Pacifique - Stéphanie Hochet
Stéphanie Hochet m'avait captivée en 2015 avec Un roman anglais, si anglais qu'on aurait pu le croire écrit par l'un des sujets de la Reine Elizabeth II. J'avais admiré son habileté à capter l'essence d'une époque, d'un milieu et à explorer l’ambiguïté des sentiments à travers un personnage aussi fort que complexe. J'avoue que je suis assez épatée de la façon dont elle change radicalement de style et d'univers pour se glisser ici dans la peau d'un kamikaze de la guerre du Pacifique. Autre culture, autres mœurs, autres références littéraires. Reste la finesse du trait, l'acuité du regard, la précision du mot.
Avril 1945. Le soldat Kaneda sait depuis longtemps ce qui l'attend, toute sa formation s'est effectuée à l'aune de cet objectif. Mais depuis quelques minutes il sait aussi que l'échéance se rapproche : ce sera dans deux jours. Ces dernières semaines, les "attaques spéciales" se multiplient dans le Pacifique pour tenter de freiner l'avancée américaine. Kaneda est prêt. Dans deux jours il décollera avec son escadrille et ira fracasser son Zéro contre le porte-avion américain qu'on lui aura assigné comme cible. Il a été élevé dans un certain code de l'honneur au service de l'Empire et de son représentant divin, celui des samouraïs. Mourir, se sacrifier le sourire aux lèvres, le summum de l'honneur. Sa vie n'a pas d'importance face à la grandeur du destin de l'Empire. Pourtant, un petit grain de sable vient titiller ses certitudes alors que des rumeurs interrogent de plus en plus durement les chances de victoire du Japon et de ses alliés. Sa vie n'aurait-elle vraiment aucune autre importance que celle du sacrifice ? Et si ce sacrifice ne servait finalement à rien ?
Il suffit de deux pages pour se laisser embarquer dans le dilemme de Kaneda, revisiter son enfance et son adolescence et ressentir tout le poids d'une culture. Mais pas seulement. Car ce n'est pas rien que de s'interroger sur le sens d'une vie, de tenter de dépasser des années de conditionnement. Et le plus remarquable dans tout ça, c'est que Stéphanie Hochet parvient à nous faire ressentir les émotions de Takeda par-delà les barrières culturelles, par la grâce d'un animal de compagnie, la silhouette d'une jeune fille ou l'énumération de ces choses que le jeune homme est conscient de ne jamais connaître.

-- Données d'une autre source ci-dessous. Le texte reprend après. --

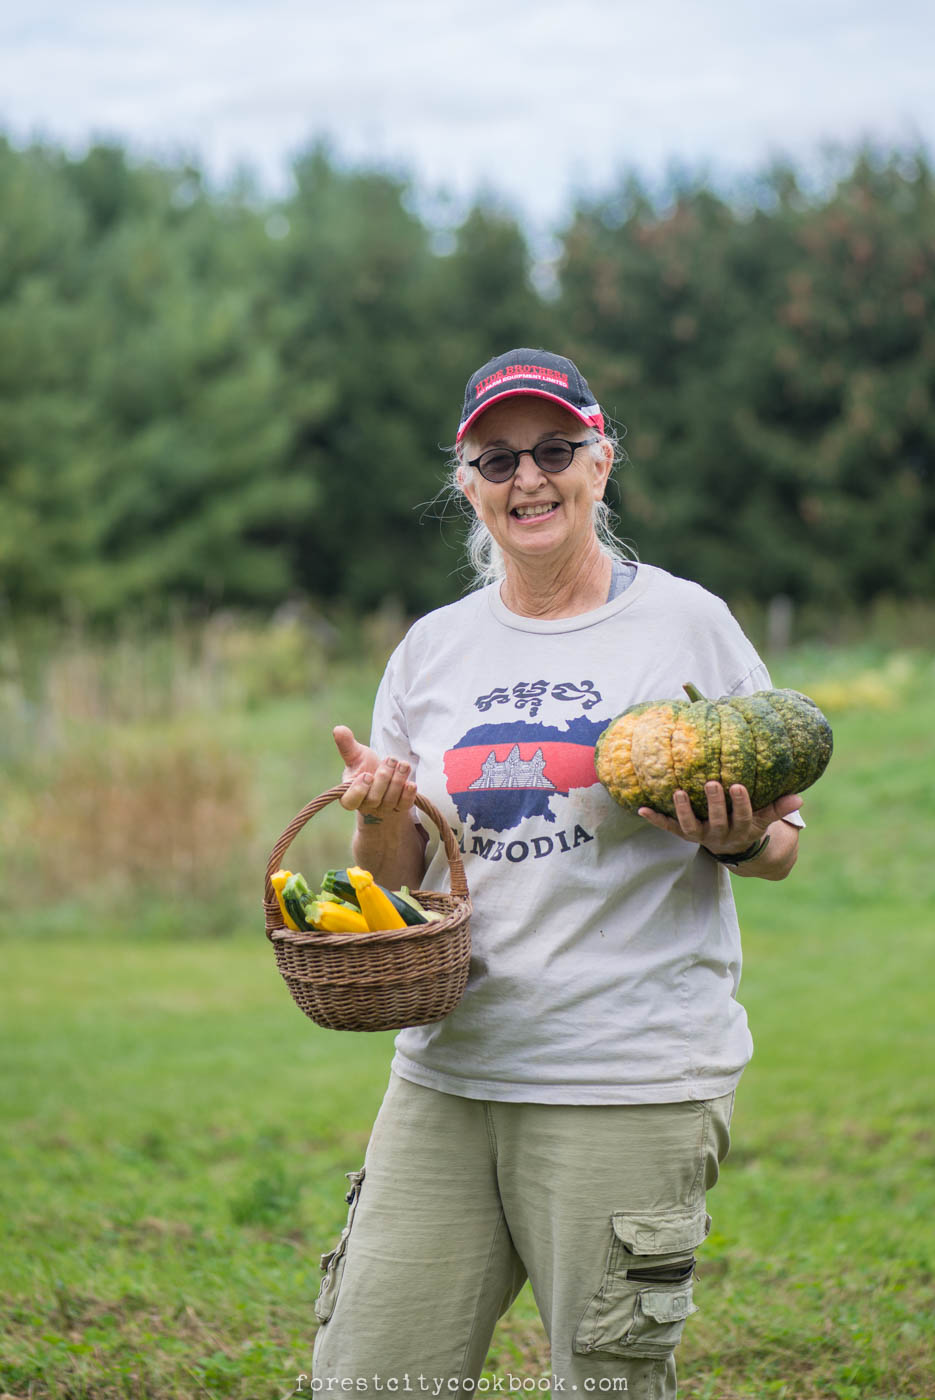 Forest City Cookbook - Kawthoolei Farms
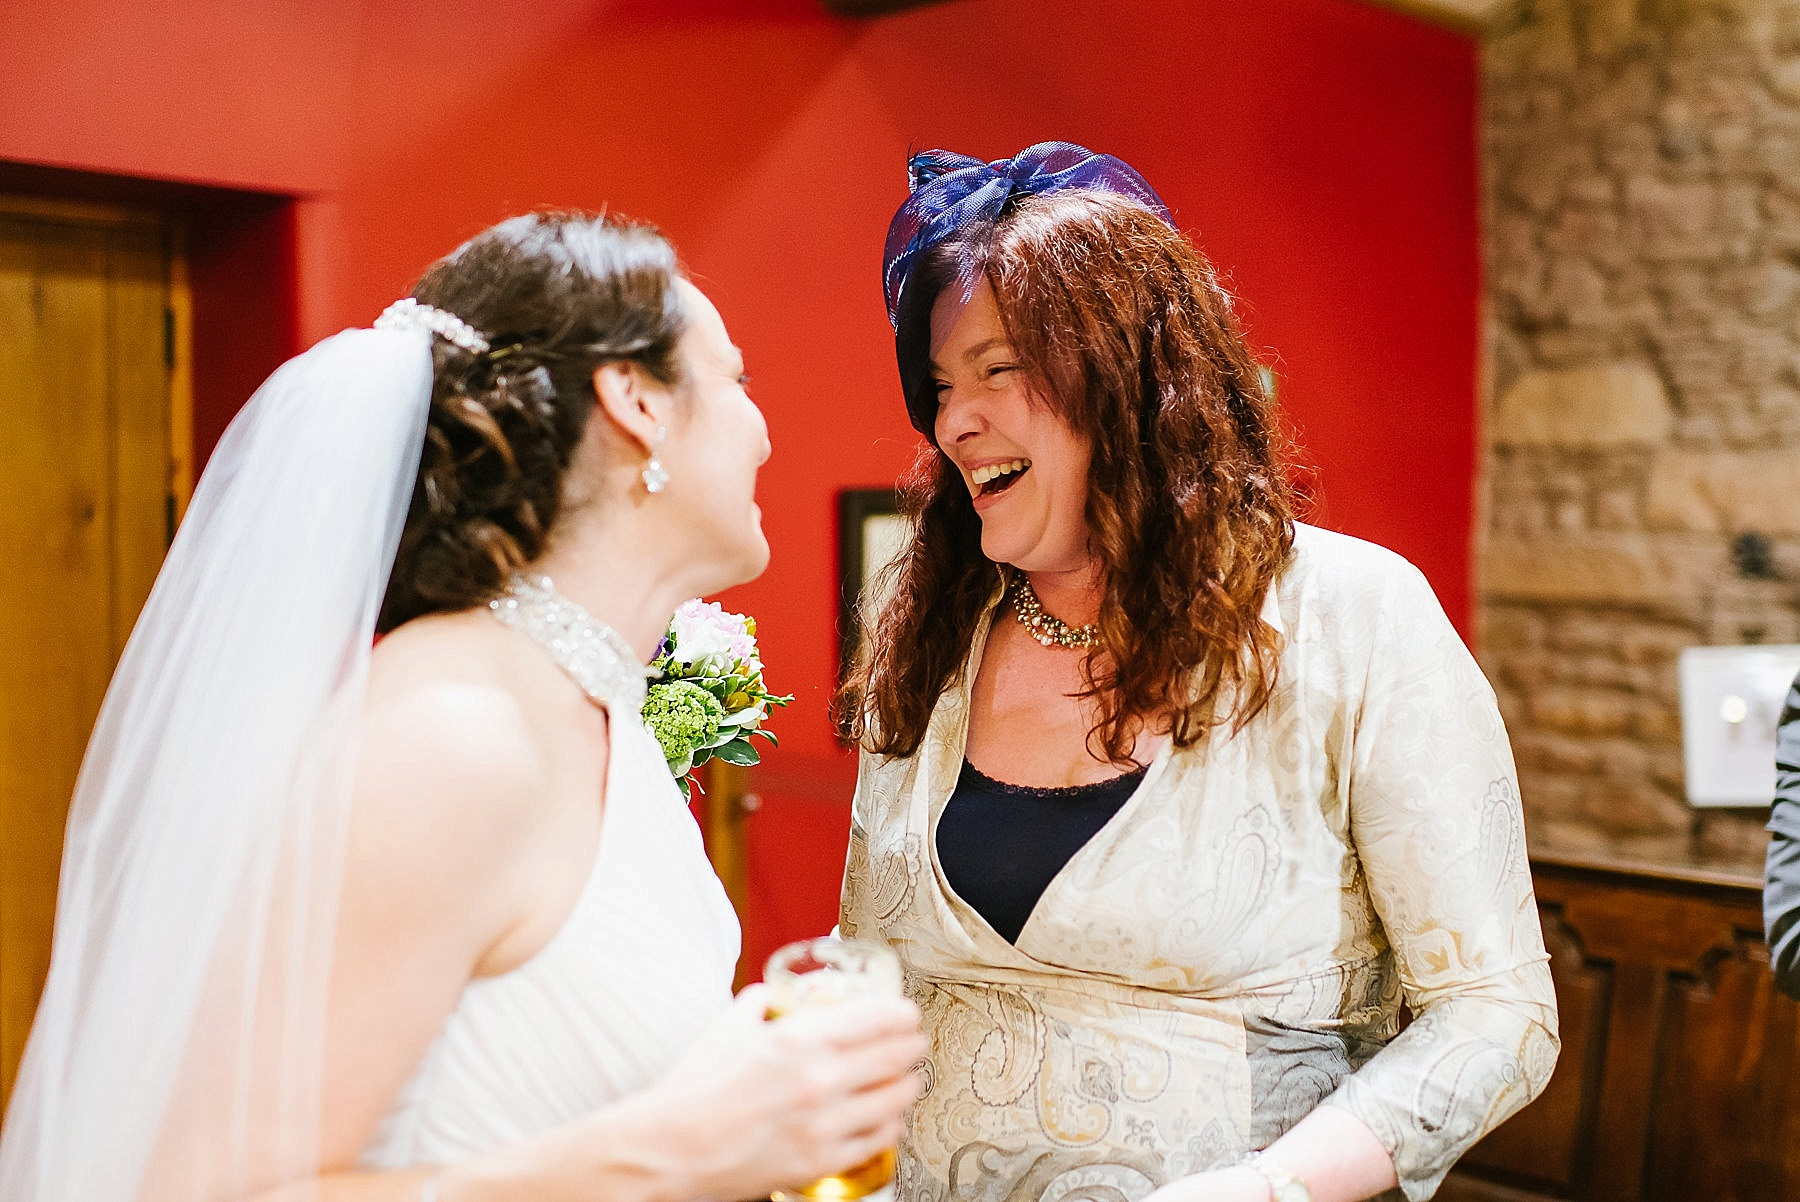 guest having fun with bride

La Japon est là mais le propos est universel.
Si le roman réserve son lot de surprises, il pose aussi les bases d'une réflexion sur ce qui fait une civilisation, grâce à une deuxième moitié aussi inattendue que passionnante et qui m'a beaucoup fait penser, dans son esprit, au propos de Pascal Manoukian dans son dernier roman, Le Cercle des Hommes. Peut-être qu'un organisateur de manifestation littéraire aura la bonne idée de réunir ces deux auteurs ? Pour l'heure, je veux surtout saluer la qualité littéraire du roman de Stéphanie Hochet ; un style impeccable, épuré, certainement très travaillé pour atteindre ce degré de fluidité et de précision. Jusqu'au choix du titre. Preuve que l'on peut trouver dans 140 pages de vraie littérature un peu de l'essence du monde.